I'm guessing the answer here is "No", but: Do you still have the original code for this lying around somewhere, for me to look at and maybe try out myself, rather than trying to reimplement it myself?

mw (Nov 26 2019 at 19:27, on Zulip):

the github comments are still referencing it, so it might be just a matter of a few clicks?

pnkfelix (Nov 27 2019 at 10:51, on Zulip):

The github comments say "outdated code" and when I tried to follow them, I got one of those pages that says "We went looking everywhere, but couldn’t find those commits."

bjorn3 (Nov 27 2019 at 20:16, on Zulip):

The force-push messages have working before and after commit links in them.

pnkfelix (Nov 28 2019 at 10:06, on Zulip):

ah thanks @bjorn3 , I've always overlooked that

pnkfelix (Nov 29 2019 at 16:05, on Zulip):

@mw okay I think I have a patch for this

pnkfelix (Nov 29 2019 at 16:06, on Zulip):

I'm going to do some internal testing, but here is the relevant commit; it is largely inspired by the approach you referenced in that earlier PR.

mw (Dec 02 2019 at 07:56, on Zulip):

Great, I'll put looking at that on my todo list

pnkfelix (Dec 02 2019 at 10:25, on Zulip):

at this point I'm going to spend some time today exploring whether I can make a more robust regression test

pnkfelix (Dec 02 2019 at 11:26, on Zulip):

@mw am I correct that the tests in src/incremental/thinlto are supposedly exercising ThinLTO because they have -O in their // compile-flags ?

mw (Dec 02 2019 at 12:17, on Zulip):

yes

pnkfelix (Dec 02 2019 at 13:33, on Zulip):

I'm not sure I'm going to be able to construct a (robust) test case for this. Even with the knowledge of the bug that I've garnered, I really don't know how to reliably get LLVM to reproduce the at-LTO-time inlining behavior that we need to witness on my local machine.

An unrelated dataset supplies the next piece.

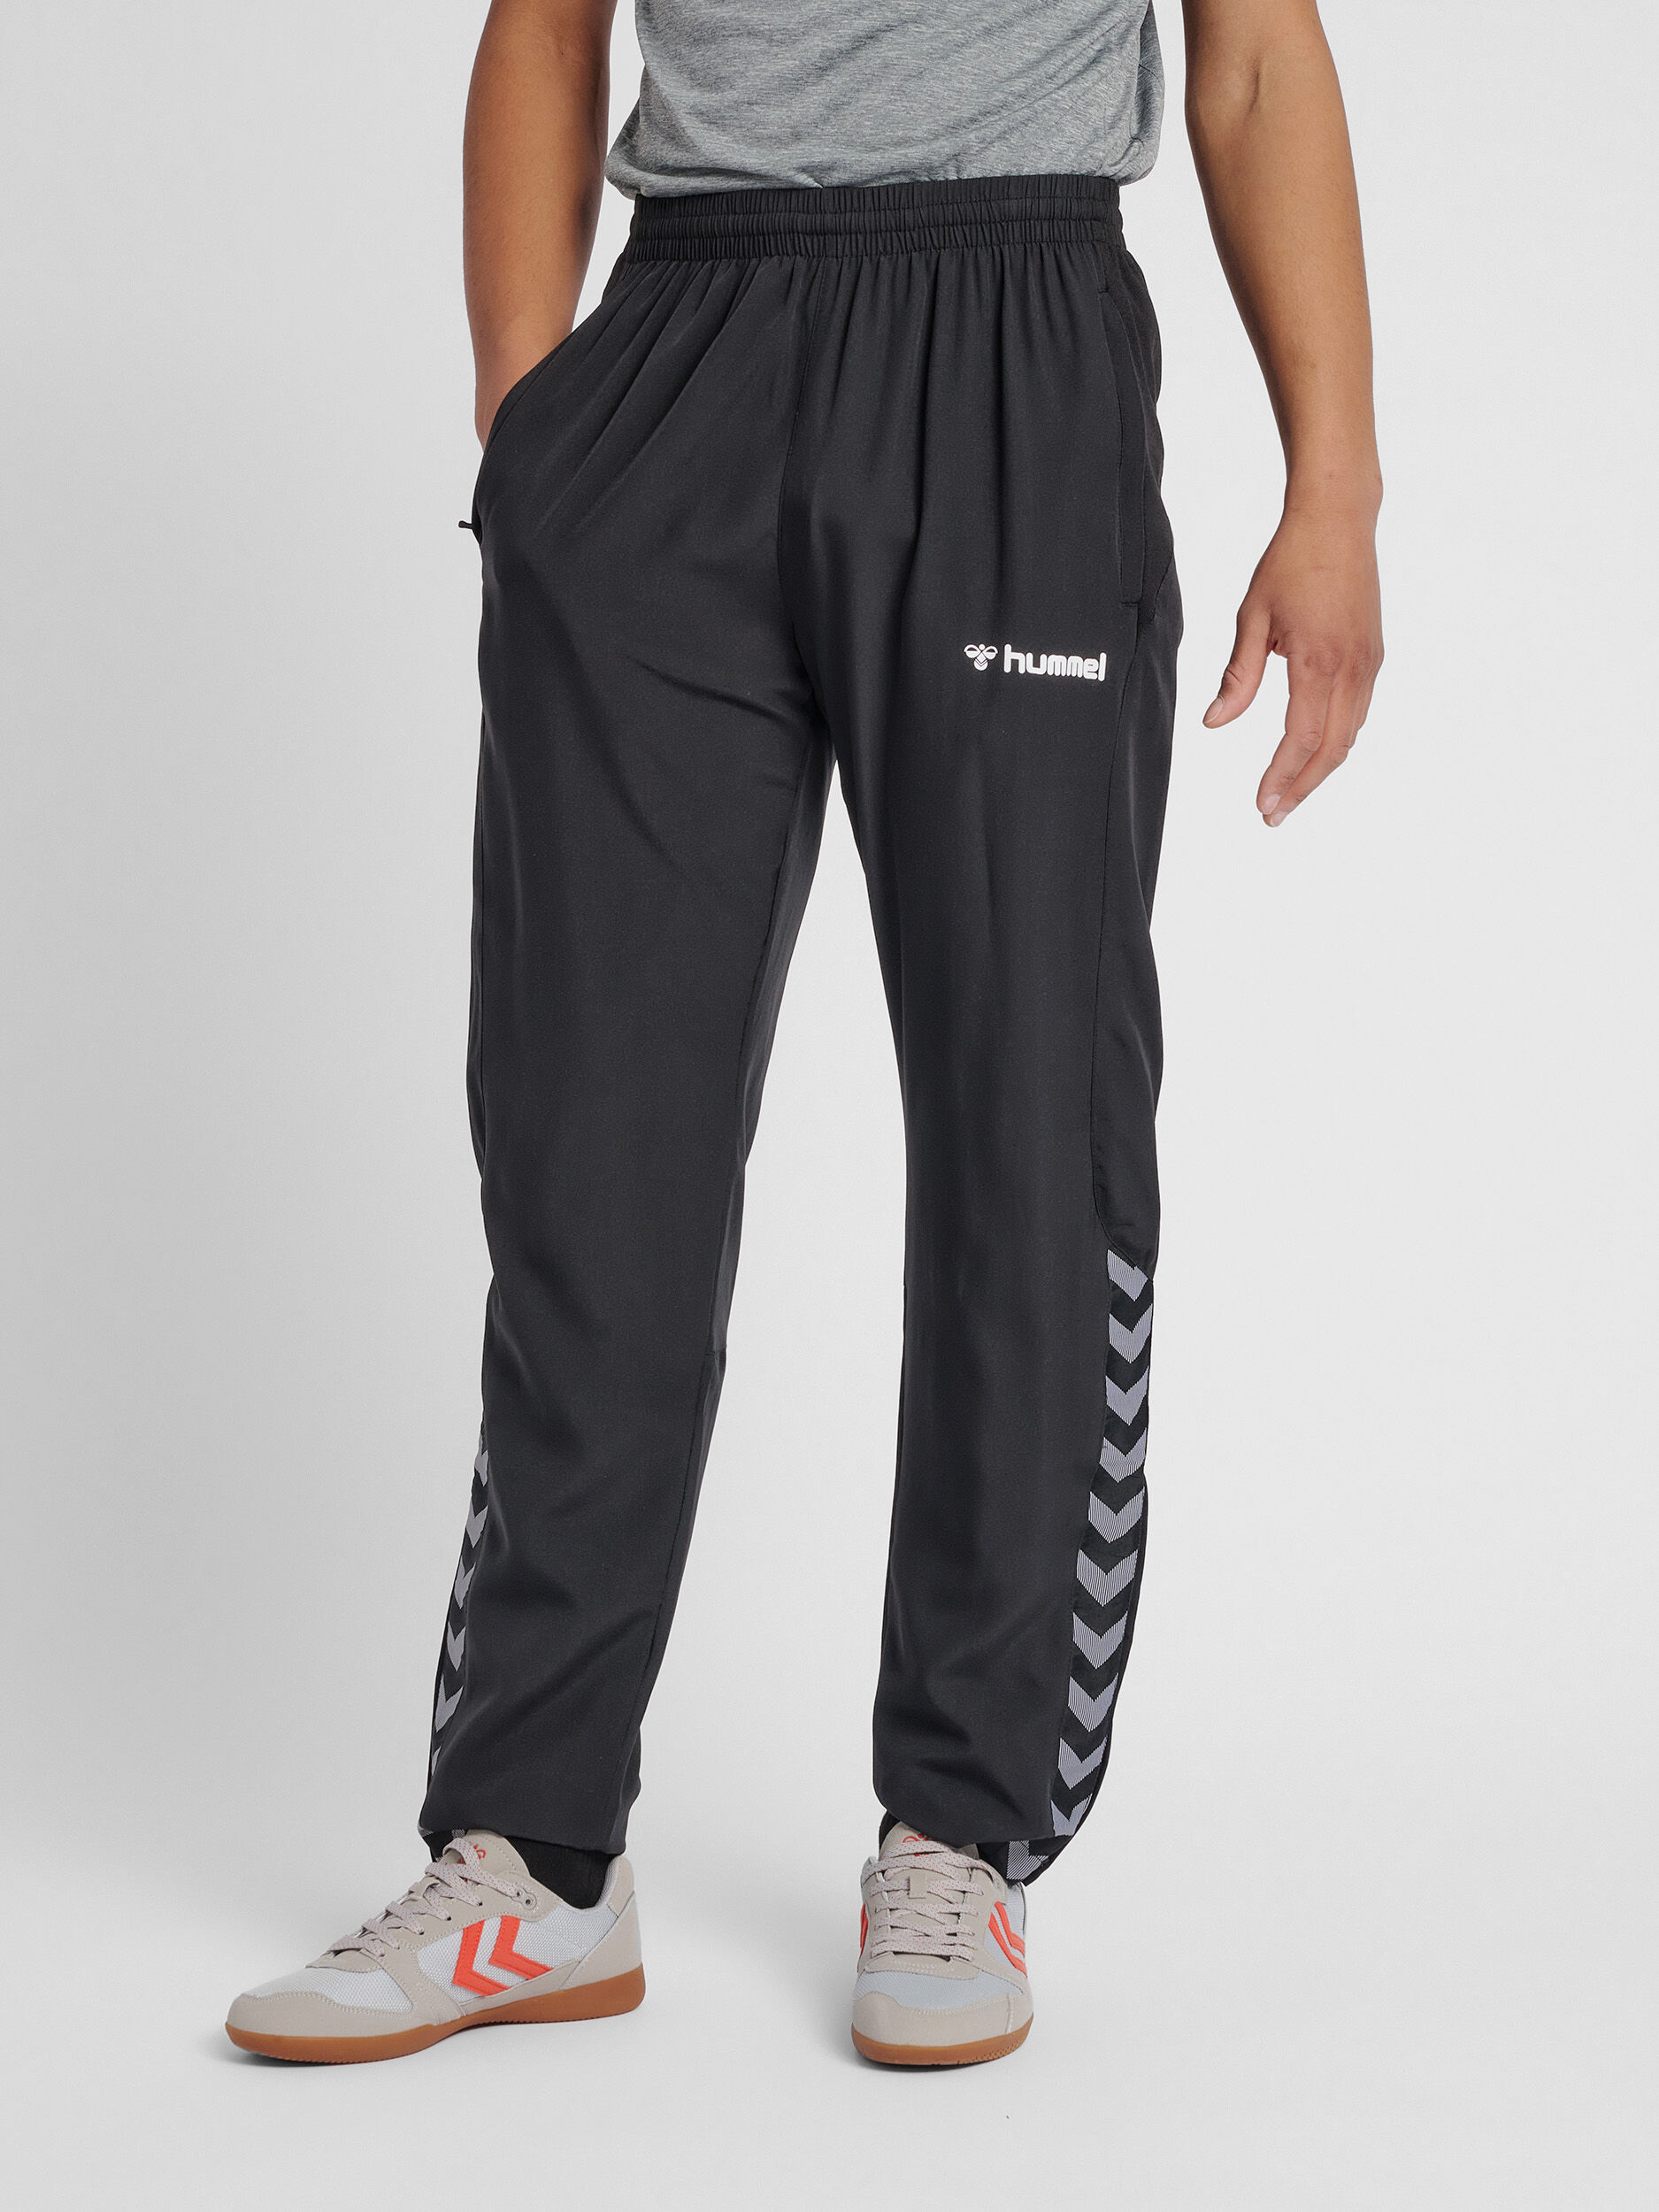 Details about   Hummel Football Soccer Mens Sports Training Pants Trousers Tracksuit Bottoms

mw (Dec 02 2019 at 13:37, on Zulip):

small functions like fn foo() -> u32 { 0 } are imported very reliably by ThinLTO

mw (Dec 02 2019 at 13:38, on Zulip):

and functions with #[inline(never)] are also reliably not imported by ThinLTO, afaik

mw (Dec 02 2019 at 13:38, on Zulip):

maybe that helps?

pnkfelix (Dec 02 2019 at 13:44, on Zulip):

The scenario I need to recreate is one where we change our mind about whether to mark a fn as internal or not

pnkfelix (Dec 02 2019 at 13:45, on Zulip):

while at the same time, LTO has inlined the reference to that (to-be-marked internal) fn into some cgu that won't be rebuilt under the old logic

pnkfelix (Dec 02 2019 at 13:45, on Zulip):

I'm able to get the first step down pretty reliably

pnkfelix (Dec 02 2019 at 13:45, on Zulip):

but I haven't made much luck with the second part.

pnkfelix (Dec 02 2019 at 13:46, on Zulip):

I guess I could try inspecting the generated intermediate products from the LTO passes to try to figure things out more

pnkfelix (Dec 02 2019 at 16:07, on Zulip):

is there an #[inline(..)] attribute with the effect of "inline at link-time if possible, but not earlier." ?

mw (Dec 02 2019 at 16:25, on Zulip):

nope

mw (Dec 02 2019 at 16:26, on Zulip):

but functions without an #[inline] attribute are guaranteed to not be inlined across CGU boundaries before ThinLTO

mw (Dec 02 2019 at 16:27, on Zulip):

and you can rely on different mods to end up as separate CGUs (when compiling incrementally), even if they are defined in the same source file.

pnkfelix (Dec 02 2019 at 16:42, on Zulip):

yeah, i've been making use of the latter property

pnkfelix (Dec 02 2019 at 16:43, on Zulip):

(the test infrastructure is impressive. The main thing missing is docs explaining how the tests work in the first place.)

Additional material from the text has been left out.